During the past week I took the plunge and switched a novel-length manuscript from 3rd person limited omniscient over to a 1st person point of view. I knew I needed to do it, but I wasn’t looking forward to it because it meant a lot of changes.
A change in narrator means not only a change in personal pronouns but (in this case) subtle changes in voice, phrasing, and vocabulary. It can change the way you describe a scene. It can change the values you place on various elements of the story. It can change the past and it can change the future. It can change everything.
It can mean throwing out a significant amount of good writing. But as painful as this whole process can be, it is also a great teacher. And I shall not presume my learning days are done just because I’m long out of college. (Oh my, it has been twelve years.)
You know the butterfly effect? One tiny event in one spot causes untold numbers of events that would not have happened, or would have happened differently, had it not been for that one tiny event half a world away? That’s the kind of thing that happens when you replace the word “she” with “I” in a novel.
Big revisions are not for the faint of heart. You lace up your boots (or, for those of you write historical romances, your corset), take a blind leap into the fray, and hope that with persistence and intelligence you will come out on top. And a little luck probably doesn’t hurt either.

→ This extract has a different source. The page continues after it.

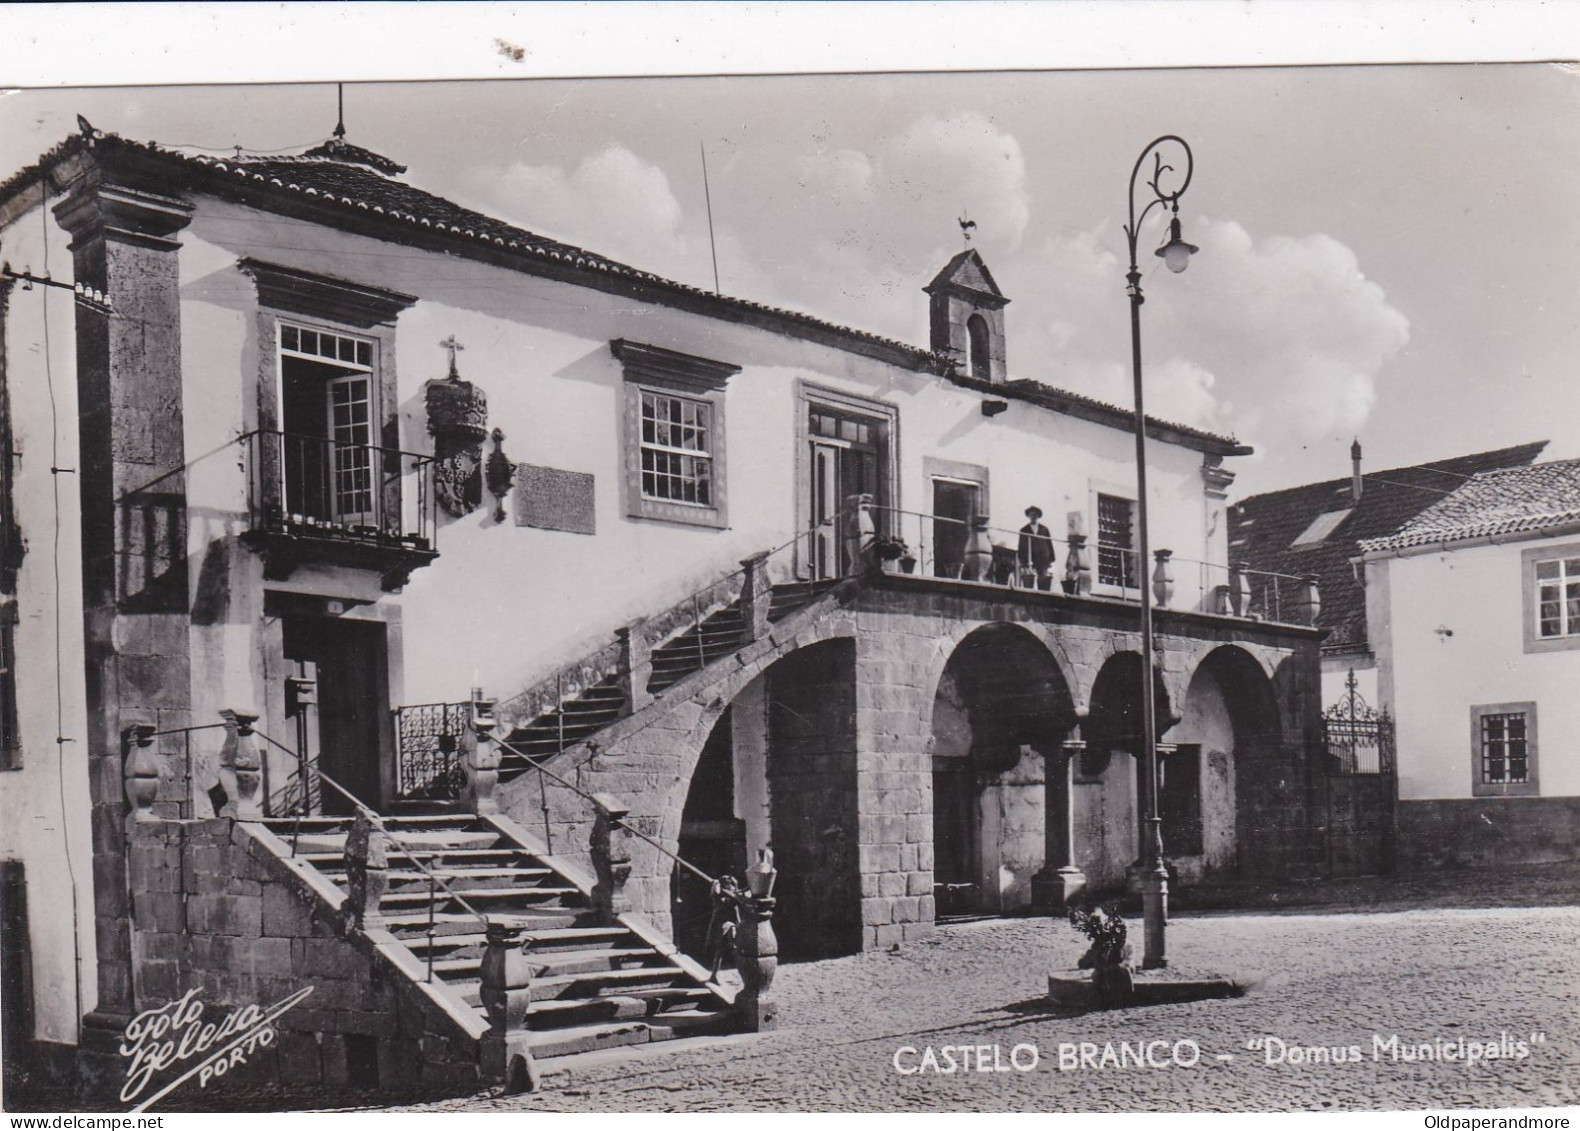 POSTCARD PORTUGAL - CASTELO BRANCO - DOMUS MUNICIPALIS - Castelo Branco

In the meantime I am also writing and taking notes on a new series, coming up with story arcs and subplots and characters. Lots of planning, planning, planning. Very different in process and in tone from my first finished novel, but it is something I started thinking about doing a decade ago and now I’m finally ready to start bringing it into reality. I love brainstorming and throwing a ton of ideas out there, ready to be plucked later. It has me excited and feeling rather happy. Which is a nice relief when the revisions of earlier pieces gets tedious.
What are you working on?
My first reaction upon reading your opening paragraph was to utter, “Ouch!” POV change is no small revision– especially for the entirety of a novel. But I’m sure the butterfly effect will also bring about all manner of interesting ideas that never would have been unearthed otherwise. Best of luck!
Absolutely! It is a HUGE change if your 3rd person narrator was fully omniscient. Luckily, for me it was less destructive since I had a very limited narrator (limited only to my protagonist for the most part). I think the most interesting thing about my experience with this revision was that I found two or three spots where my previous narrator had “cheated” a bit and told more than the protagonist would have known. Those parts had to go entirely or they had to be witnessed by/explained to the protagonist when it was changed to 1st person. Quite an interesting exercise and I don’t recommend it for everyone!